In our previous study we identified IL-8 as the single most up-regulated gene in the acute response of gastric epithelial cells exposed to H. pylori in vitro. IL-8 is also up-regulated in the pre-malignant stages of gastric cancer, such as chronic gastritis  and intestinal metaplasia . With IL-8 being currently demonstrated as the single most up-regulated gene in surgically resected GC tumors, the up-regulation of this gene throughout gastric cancer progression may constitute an early and important event in the disease, initiated and maintained by H. pylori infection.

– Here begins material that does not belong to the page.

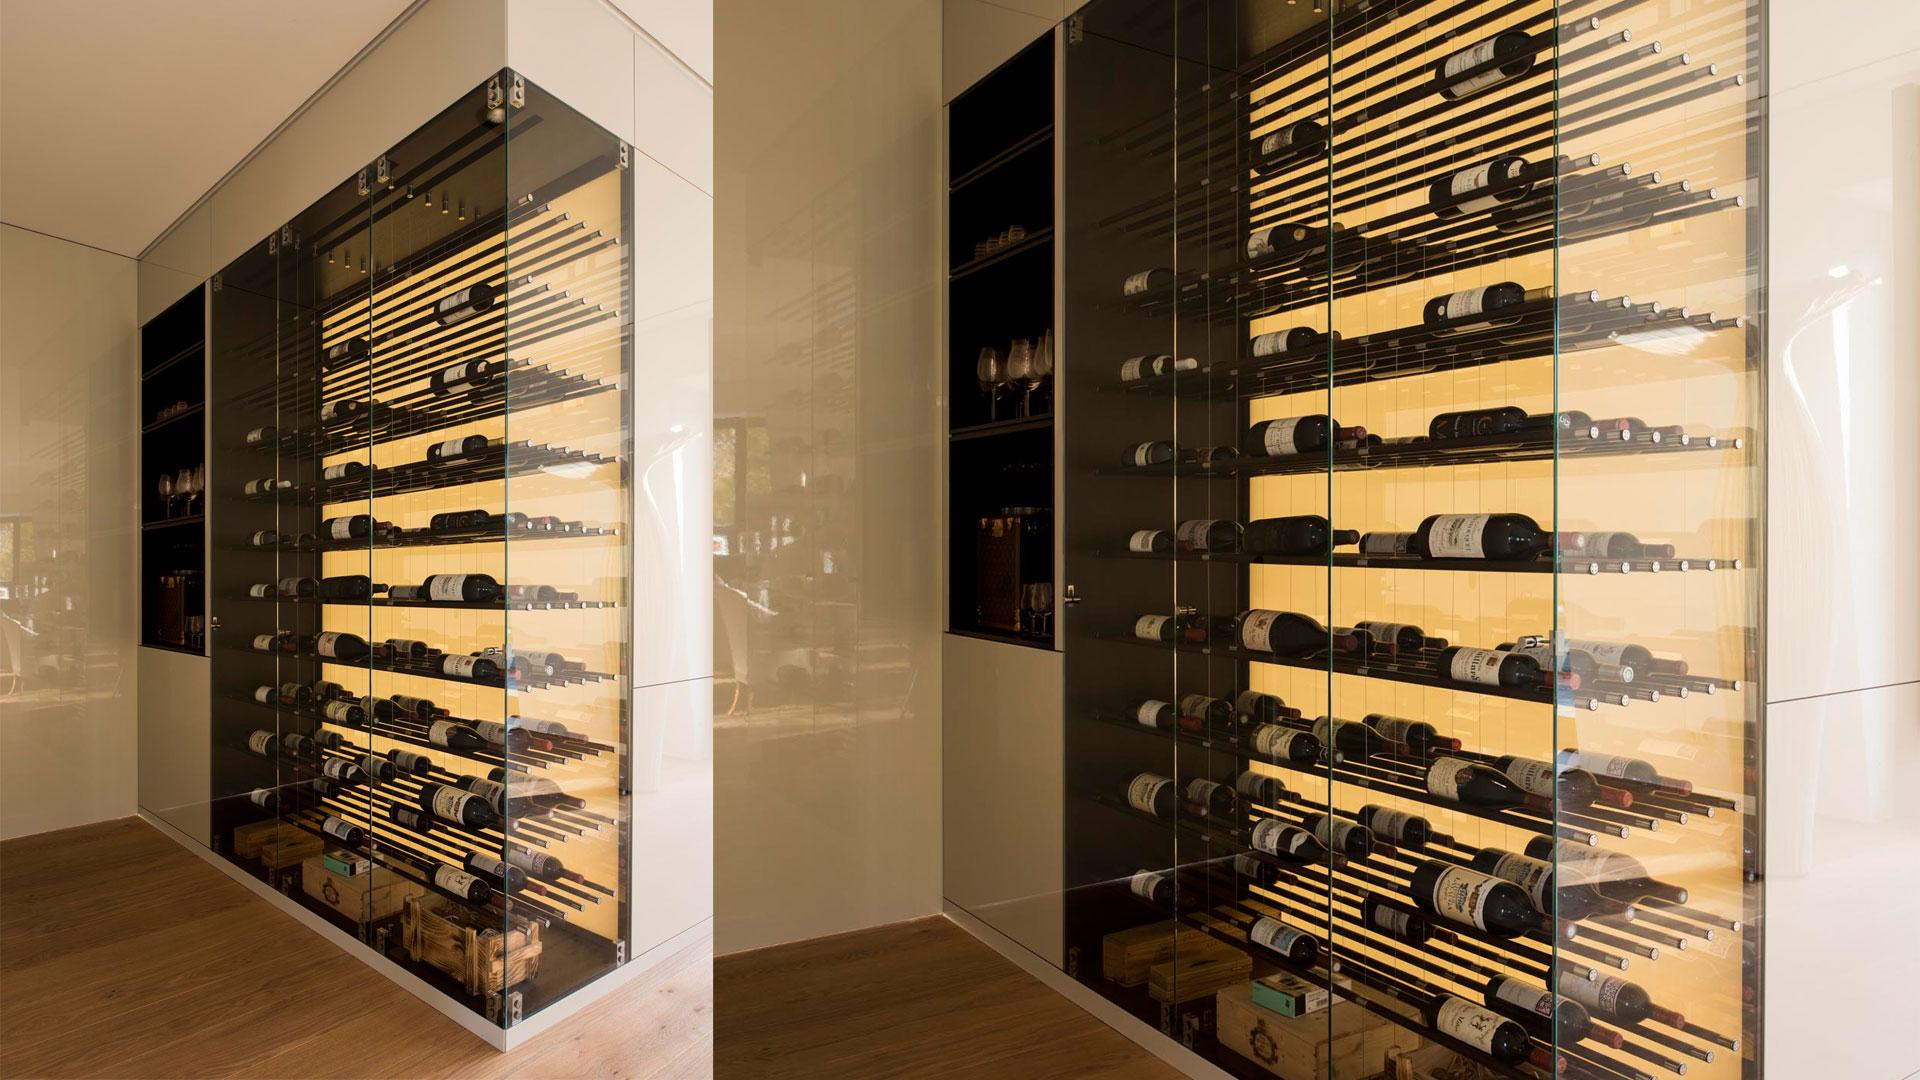 Full Size of Wein Regal Weinregale Selber Bauen Aus Holz Weinregal Pinterest Design Flammen Klein Schwarz Kare Vintage Schweiz Einfach Metall Modern Paletten Coop Palette Regal Wein Regal

The causal relationship between H. pylori colonization of the stomach and GC has been widely accepted . In this study only 2 of the 20 gastric tumors showed active H. pylori infection at the time of surgery, 1 intestinal and 1 diffuse type cancer. While more than 90% of the GC reported in Asian countries are considered attributable to this bacterium , our findings might indicate a lesser role of H. pylori in gastric cancer in a country like Norway. However, GC tissue is frequently H. pylori negative, due to the mucosal atrophy caused by the bacteria itself. While H. pylori colonization drives forward the progression of mucosal atrophy and intestinal metaplasia, this process paradoxically also slowly eradicates the same bacteria from the gastric mucosa which causes a decrease in active inflammation .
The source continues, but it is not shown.